With the average tax refund so far this year at $2,893, a record number of Tennesseans have turned to the Internet so far this year to file their tax returns and speed their refunds from Uncle Sam.
The Internal Revenue Service estimates that more than 86 percent of Tennessee's 2.9 million taxpayers will file electronic returns this year, including returns coming in by next Wednesday's filing deadline and other extended filings through the rest of calendar 2015.
"We had estimated that Tennessee would file 2.5 million electronic tax returns for the whole calendar year, but as of this morning Tennessee had already filed 2.1 million tax returns." IRS spokesman Mark Green said Friday. "This will be a busy weekend for many people preparing taxes and we urge those who still have to file to file as early as they can to avoid a last-minute rush and mistake and, if they can, to file their returns electronically."

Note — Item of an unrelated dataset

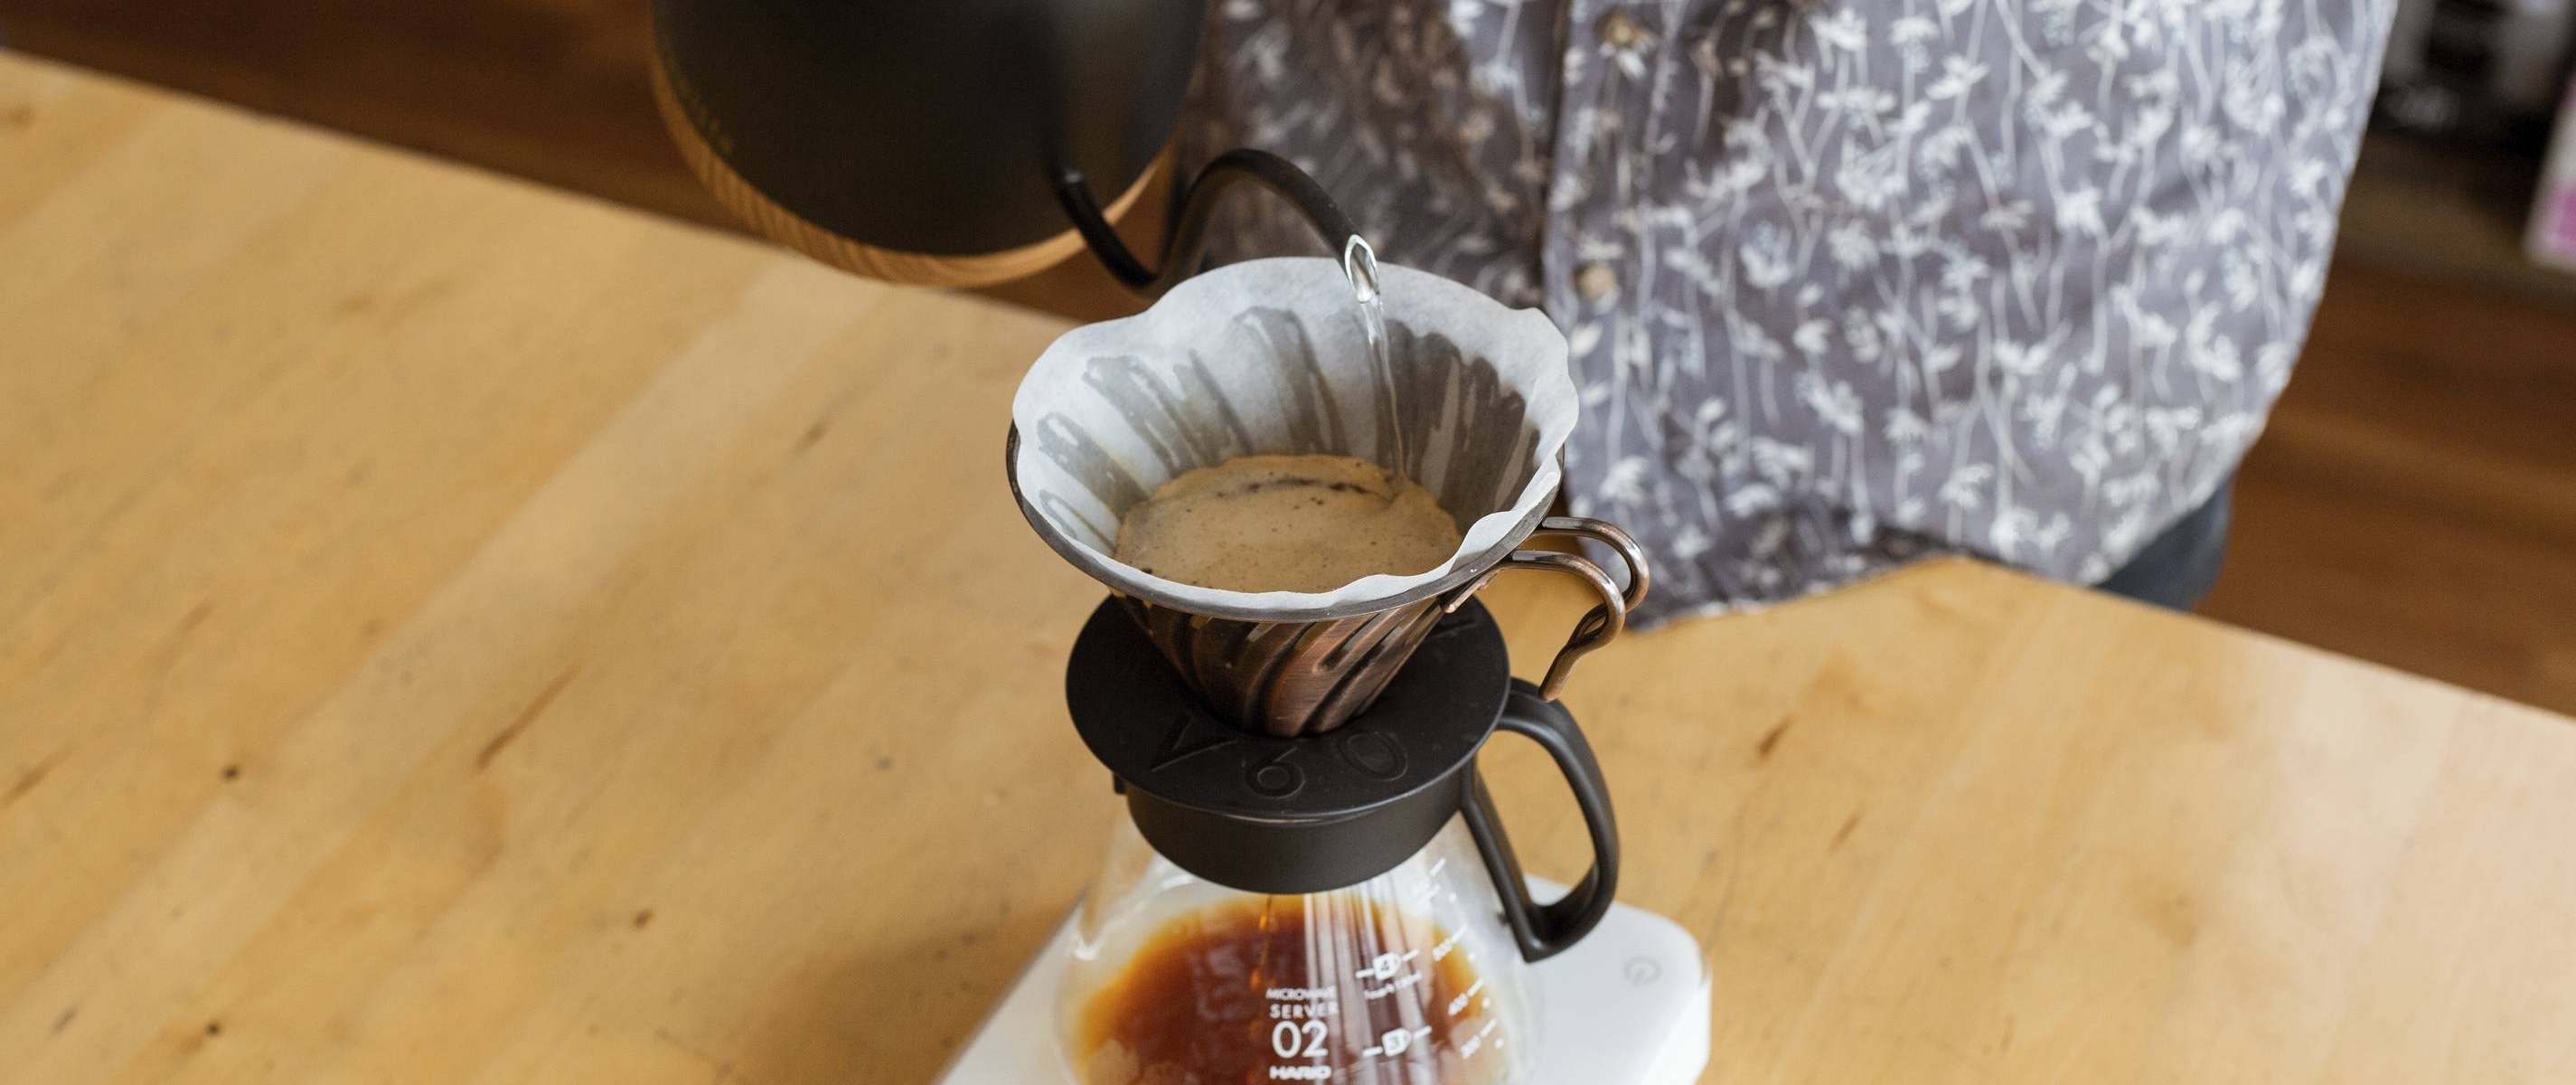 https://gothammag.com/get/files/image/galleries/Make-the-Perfect-Cup-of-Coffee-Every-Time-Everywhere-With-These-6-Tools-and-Gadgets_Thumb.jpg

Electronic returns automatically detect the most common filing mistakes and speed the delivery of filings and returns back to taxpayers.
So far this tax filing season, Tennessee ranks No. 3 among the 50 states in the per capita electronic filing rate, Green said.
If you want a speedier tax refund, Green said electronic filing should cut in half the time it takes for you to get your money.
The typical refund for those filing electronically is three weeks or less, with some refunds coming back as soon as seven or eight days, Green said. Paper filings are now likely to take six to eight weeks to process and mail a check back to the filer.
Although the IRS is handling more tax information via the Internet, the government does still mail some forms to taxpayers to help check on the reliability of returns.
Some taxpayers will receive a letter in the mail from the IRS called a 5071C letter that asks the taxpayer to verify that they did indeed file their tax return. The 5071C letter is sent because the filed return contains various inconsistencies with their tax returns in previous years.
"The 5071C letter is part of the IRS effort to crack down on tax scams, or a possible fraudulent return that contains a real taxpayer's name and/or Social Security number," Green said. "The IRS is not requesting this information via e-mail or telephone. The taxpayers who receive a 5071C in the mail can either call the toll-free number on the letter or verify identification at idverify.irs.gov."